There are several good web sites about pattern welding. I recommend Don Fogg http://www.dfoggknives.com/copy_of_index/craftof.htm
I happen to have railroad spikes and some other harder metal. Is it safe to combine these in a pattern welding method to experiemtnw ith what I get? I know that both metals are steel.
Yes, the spikes are perfectly safe to forge in themselves.
Watch out for the Borax (or similar flux compounds) though, that's poisonous and needed for welding together pieces in a forge. Don't inhale, eat or even get it on your skin, though the last is the least dangerous. Read up some on the subject, it's a matter of irreversible long term exposure poisining that can and does lead to early death.

Some blacksmiths use plain fine sand instead, this works fine for simpler welds, though it can be inadequate for comlpex multi layer pattern weld.

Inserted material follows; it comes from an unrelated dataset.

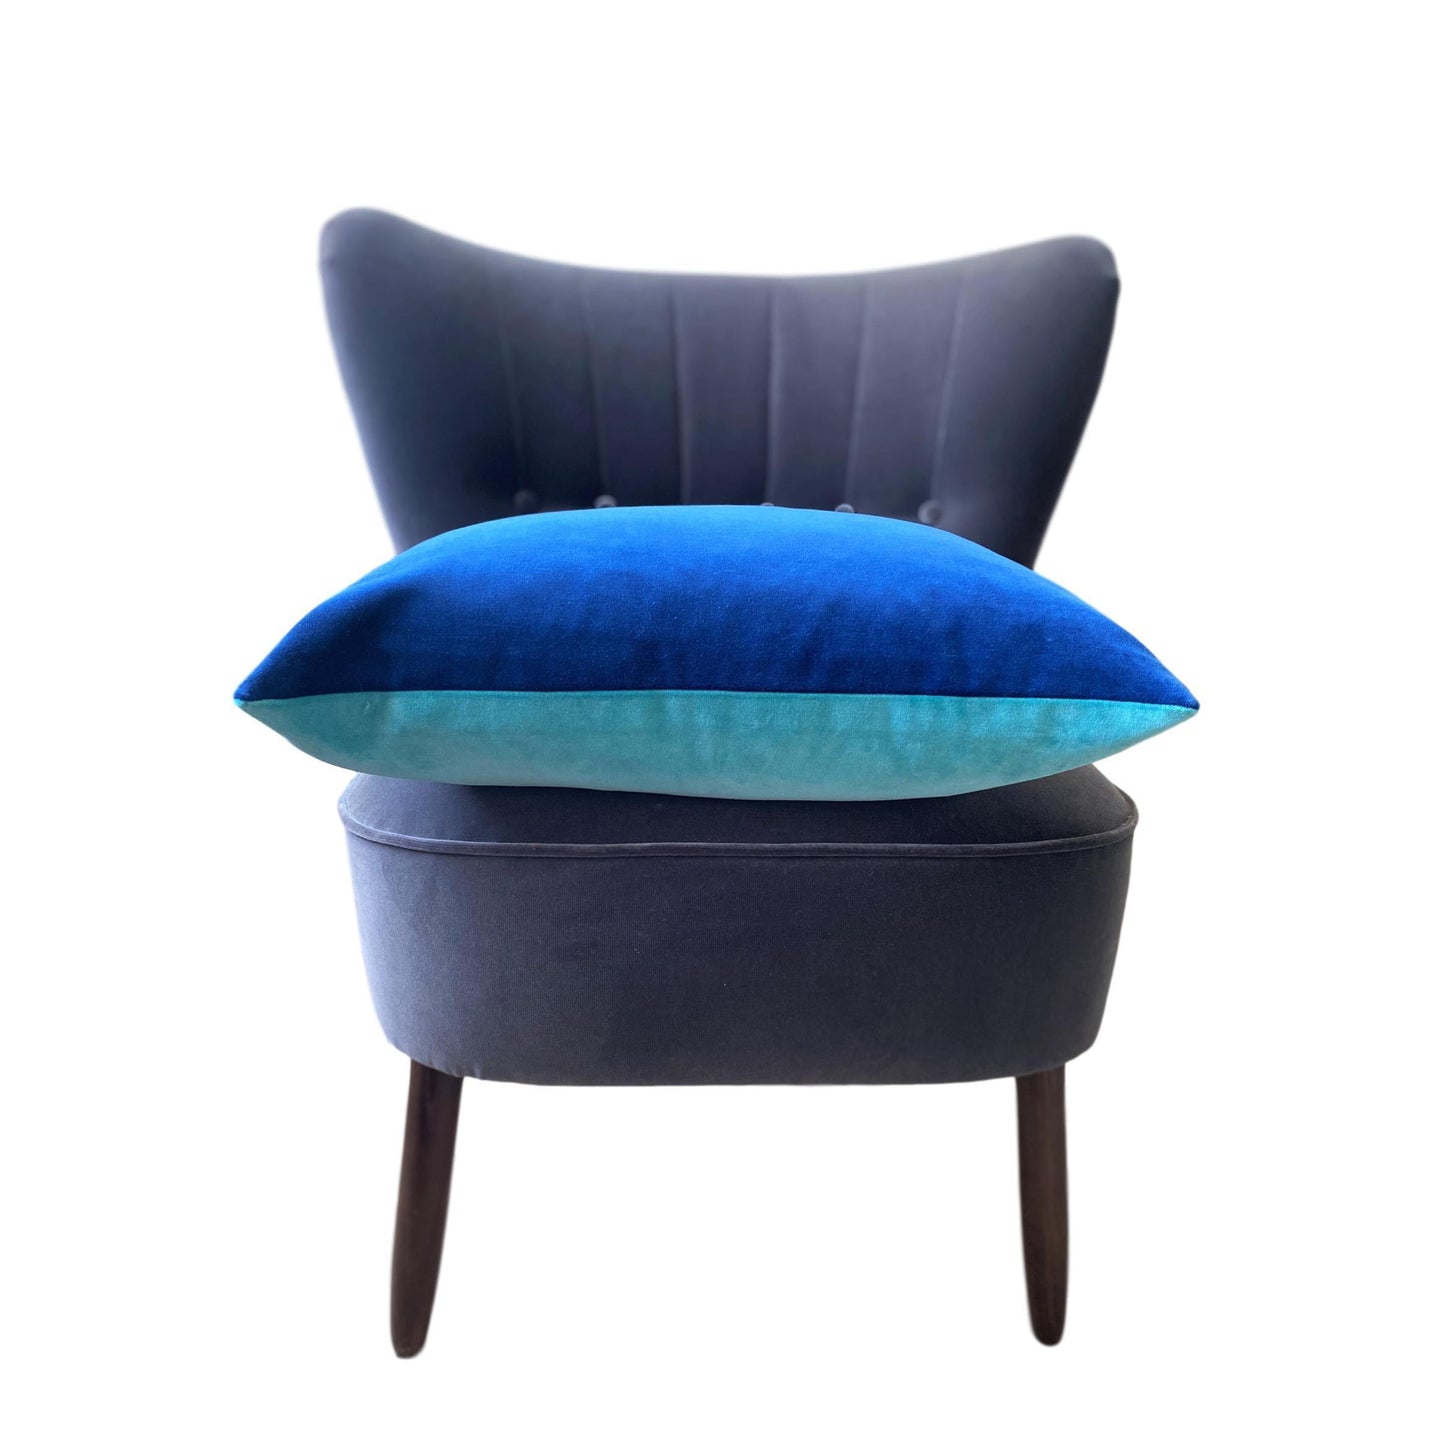 Cushions 50cm x 50cm in Turquoise velvet

Obviously there are safe methods to make swords. But get in touch with a bladesmith that forges and ask a few good questions about these things to get it all safe, and perhaps get some good insights, or better yet lessons on forging. Doesn't have to be a swordsmith, any blade smith would do for starters, just make a big one. ;)

If you want I have photos and sketches from the book Die Saxe von Valsgärde, with lots of different blade shape and size variants on historical seaxes to forge. Not just scandinavian finds, they're form all over.